The first runof pix are of a mature yellow tri buck Brutus.









Here's a young doe I call Felice.


----------



## SarahC (Oct 3, 2008)

my all time forum favourites.


----------



## moustress (Sep 25, 2009)

Thanks, Sarah, that means a lot coming from you. 

There are signs of inbreeding on a good proportion of the recent litters, so the next step is to breed to a couple of the stanrd coat fawn bucks that I have been keeping for just that purpose. I should put up a pic of the two fawn brothers who are identical except that one is satin and the other is standard.
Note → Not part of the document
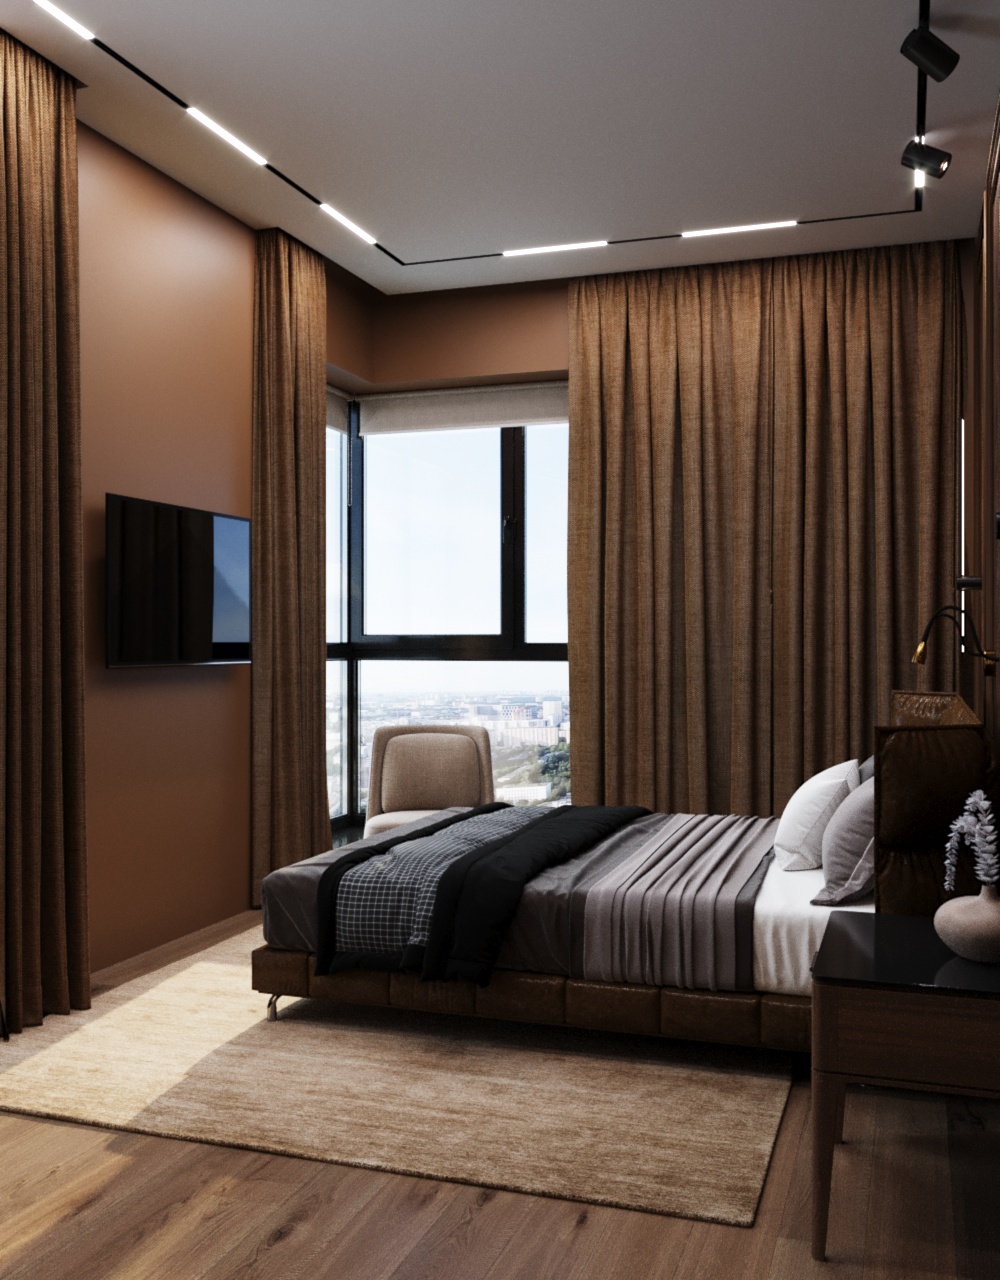 Интерьер спальни с угловым окном, рейками с подсветкой и подсветкой светодиодной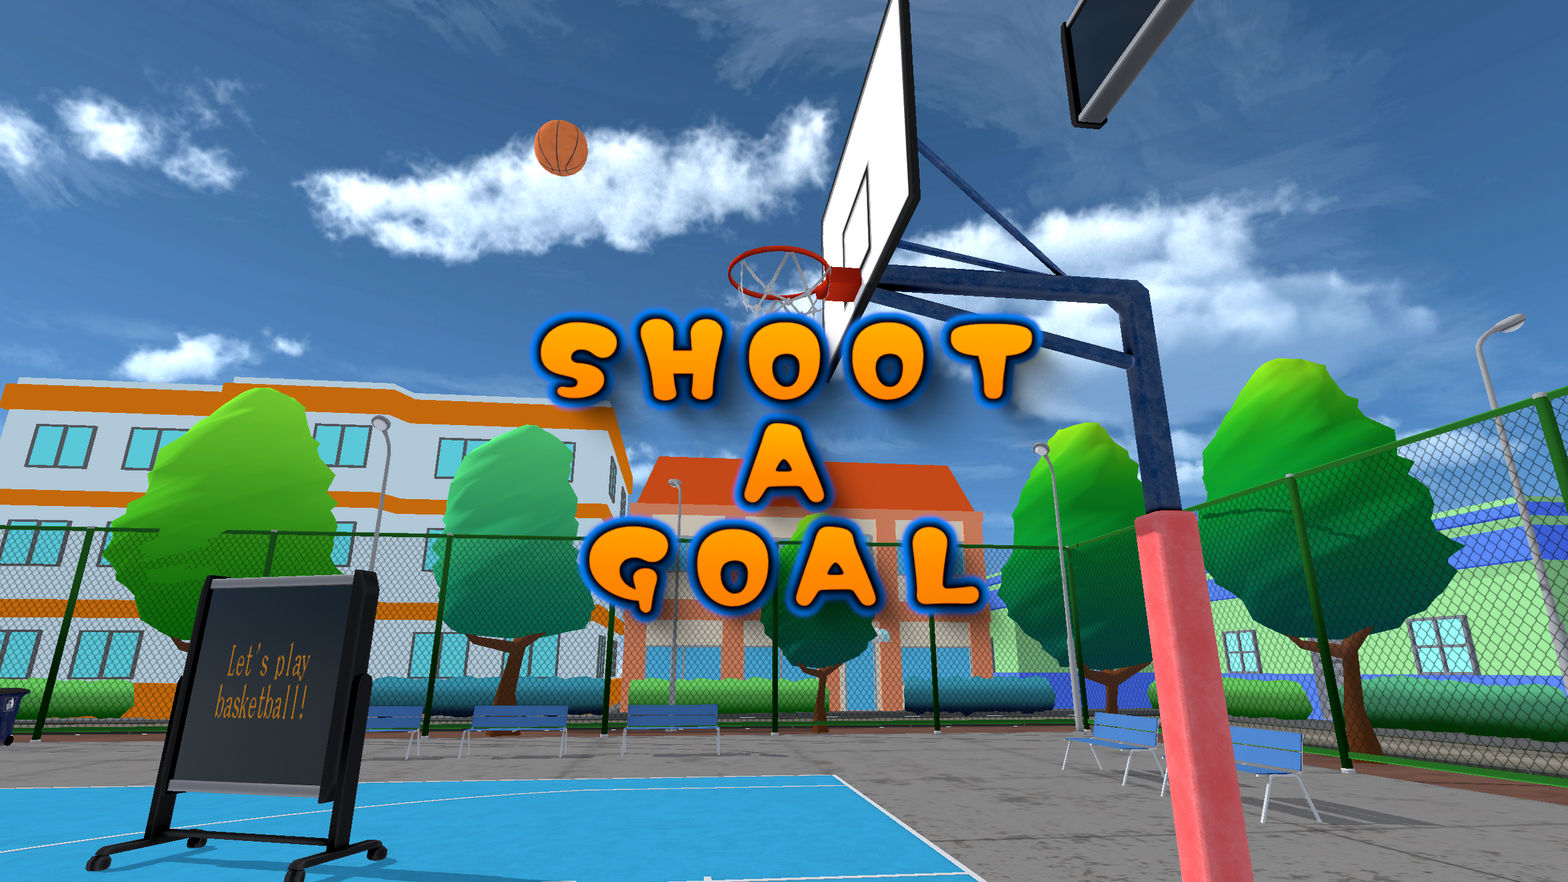 Shoot A Goal

I have a couple more litters that are yellow tri on the way, and expect more to pop up in other litters. It's time to knuckle under and
try to weed out the unfit as best I can, as I have more than enough of them now, and a wide, wide range of choices for how to go from here.


----------



## NikiP (May 7, 2013)

Congrats! I've wondered what yellow tris would look like, if feasible, glad to see them


----------



## andypandy29us (Aug 10, 2012)

they are beautiful


----------



## countrytris (Apr 17, 2013)

oh wow they are so cool, and in satin LOVE!!!


----------



## SarahC (Oct 3, 2008)

my latest efforts.Really difficult to capture the colours on camera as they get bleached out but if you look really carefully you can just about see the cream patches on the head.


----------



## moustress (Sep 25, 2009)

My first red tri looked a lot like that; she's almost old enough to be bred. I've noticed that ny yellow/red tris have tended to alternate generations with them getting smaller in the first gen to show tri, then bigger. My current gen are looking to be pretty large and some of the ears are outrageously large. :shock:

That's what I get for mixing a bit of English in with my lines.


----------